Chasing the corona: students, professor study the eclipse

Chasing the corona: students, professor study the eclipse

Seniors Whit Lewis and Evan Anthopoulos, sophomore Liam Swick, and junior Riley Hamilton set up the DLITE telescope in Observatory Park, Ohio, before the eclipse reaches totality.
Courtesy | Timothy Dolch

Olivia Young was starting to cry.

Although the fourth-year physics Ph.D. student from Rochester Institute of Technology had collaborated with a Hillsdale professor to study last week’s total solar eclipse for more than two years, nothing could prepare her for the sight of that wispy white halo enveloping the shadow of the moon.

“It was like nothing I have ever seen before,” Young said.

After the halo disappeared in a flash of emerging sunlight, Young turned her eyes to the website she had open, refreshed the page and watched the eclipse a second time — through the eyes of a radio telescope.

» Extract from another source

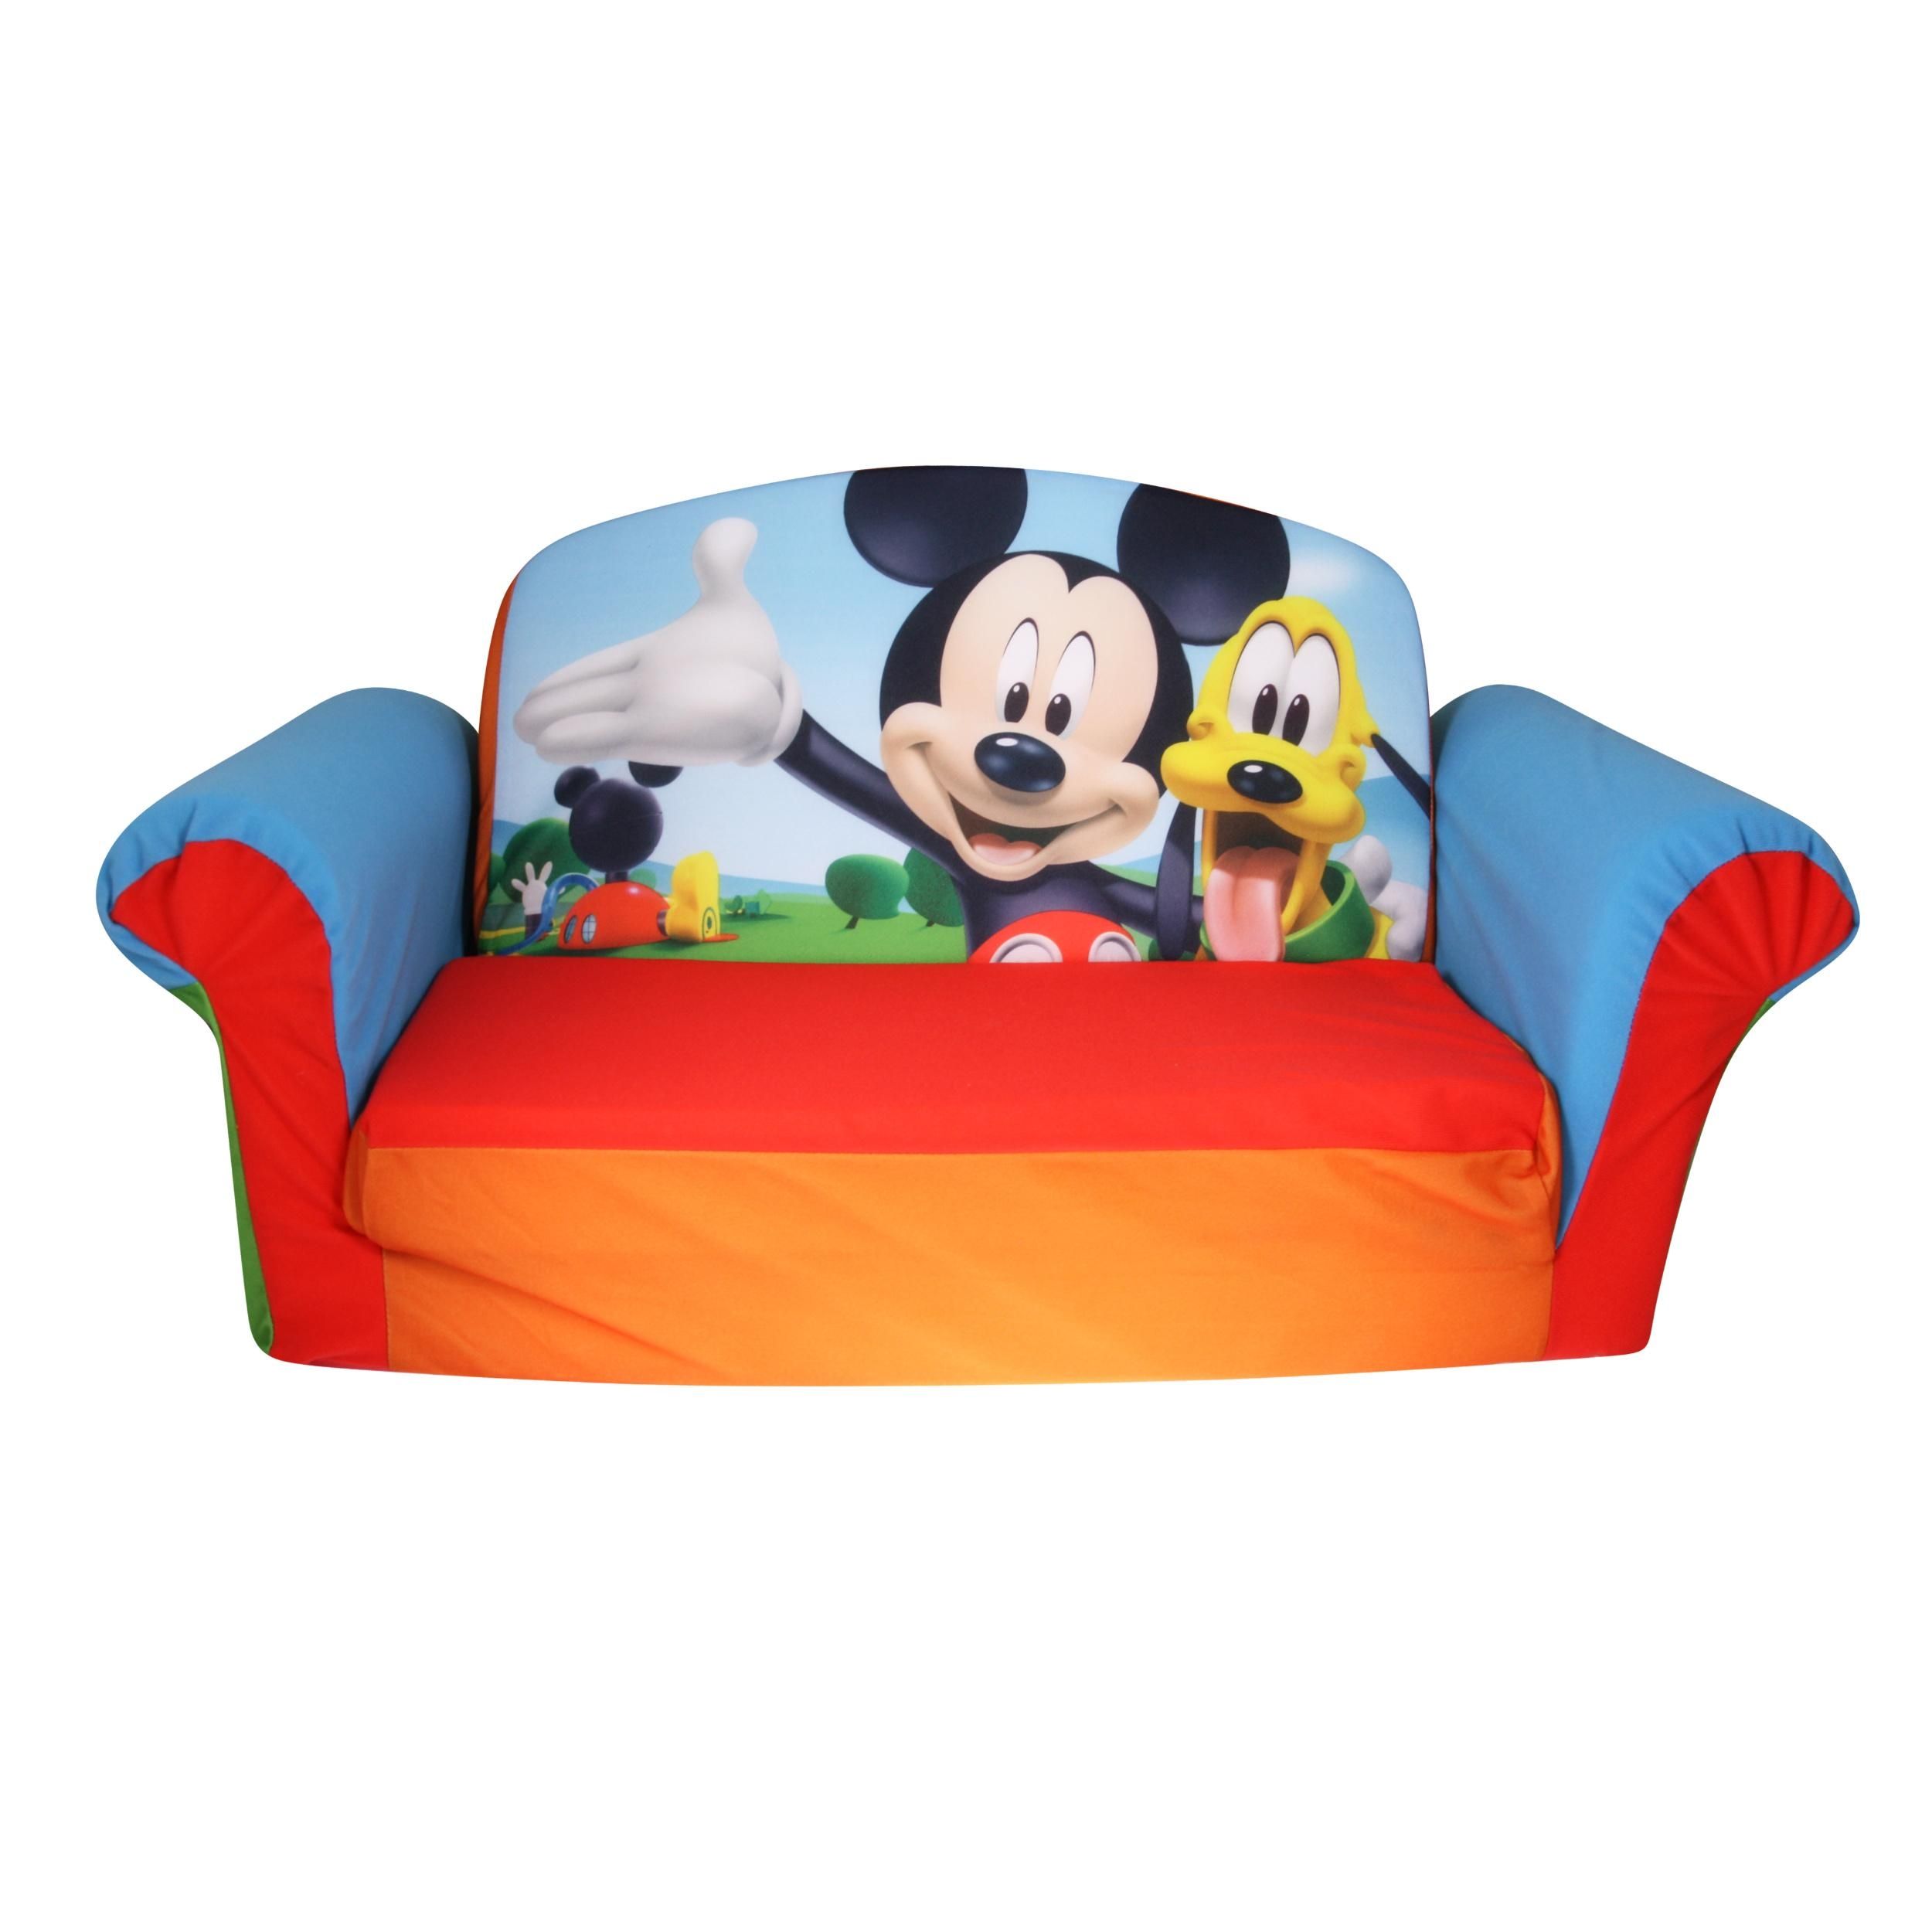 Marshmallow Furniture, Children's 2 In 1 Flip Open Foam Sofa With Regard To Mickey Mouse Clubhouse Couches (View 1 of 20)

Young was not just in the path of totality to admire the eclipse. She was also there to take data on the sun’s corona, a layer of the sun’s atmosphere that is as mysterious as it is beautiful.

Over the past two years, Young collaborated with Associate Professor of Physics Timothy Dolch and several Hillsdale College students to build four Christmas-tree-like metal structures in Observatory Park, Ohio. The four antennae combine to form the Deployable Low-band Ionosphere and Transient Experiment (DLITE) telescope. It records the natural radio light emission from the sky at frequencies lower than optical light at 30-45 megahertz.

According to Young, researchers know very little about the sun’s atmosphere at these low light frequencies of radio astronomy because the atmosphere is difficult to isolate from the rest of the sun.

“You really can’t study the sun’s atmosphere very effectively in radio astronomy, because of the way that the telescopes work,” Young said. “The only time you can do it is when the sun is conveniently blotted out by something else, which would be an eclipse.”

Young and Dolch met because of their shared interest in radio astronomy. When Young heard Dolch was planning to build a radio telescope in Ohio to take data on the eclipse, she jumped at the opportunity to get involved and took a position as the principal investigator of the project.

With the data from the DLITE telescope, Young and Dolch aimed to determine where in the corona low-frequency radio emission comes from, and better understand solar radio bursts, questions that could only be answered during this rare eclipse.

“You can see the corona in optical light, but it is even bigger in radio light,” Young said. “There has not been enough research to be able to define how big it is in radio light, so that’s one of the really exciting research questions that we’re hopefully going to be able to shine a little bit of light on.”

Additionally, Young and Dolch will investigate how the ions in the earth’s atmosphere drop due to reduced sunlight.

“The Earth’s atmosphere is not as understood as you would think,” Dolch said. “The northern lights happen when the charged particles from the sun fall with magnetic field lines up to the poles and you get a lot of ionization in the earth’s atmosphere. So how exactly do these things happen? It is very hard to model and people are learning to model it better. That is why more of these DLITE stations are being built around the world.”

Dolch, Young, and several Hillsdale students have taken four trips down to Observatory Park, Ohio, this past year to build the DLITE station.

Sophomore Joe Petullo helped construct the four DLITE antennae.

“These hardware trips have been a ton of fun,” Petullo said. “I love doing hardware stuff, it is my favorite part of the project. Theory is great, but it’s nice to actually build something with your hands to see the results of that.”

According to Dolch, the design of the DLITE telescope is similar to the radio telescope owned by the college, the Low-Frequency All-Sky Monitor, but also has the ability to take higher definition images of the sky, as opposed to taking radio light spectra.

“We had both telescopes on during the eclipse so that there might be solar radio bursts in the data from both,” Dolch said.

During totality, Young saw the radio light from the sun decrease as expected, but the data will need to be analyzed further to determine the size of the corona in this frequency.

“There was a pretty significant dimming. There are a couple different things that we have to do to make sure it was actually due to the eclipse, which we think it’s going to be,” Young said.

Young, Dolch, and Hillsdale students will work on analyzing the data from the telescope for both the ionosphere and corona projects over the next few months.

Meanwhile, the DLITE telescope will continue to take data on radio frequencies from the sun and the atmosphere.

“We’re going to keep taking data because it’s not just about the eclipse. The DLITE is observing radio sources all the time, and it’s a good instrument. Things will flash that you’re not expecting in the radio sky, so we’re excited to keep using this instrument,” Dolch said.

Dolch said he cannot believe this project is part of his career.

“This is my job. This is awesome,” Dolch said. “It is kind of an adventure.”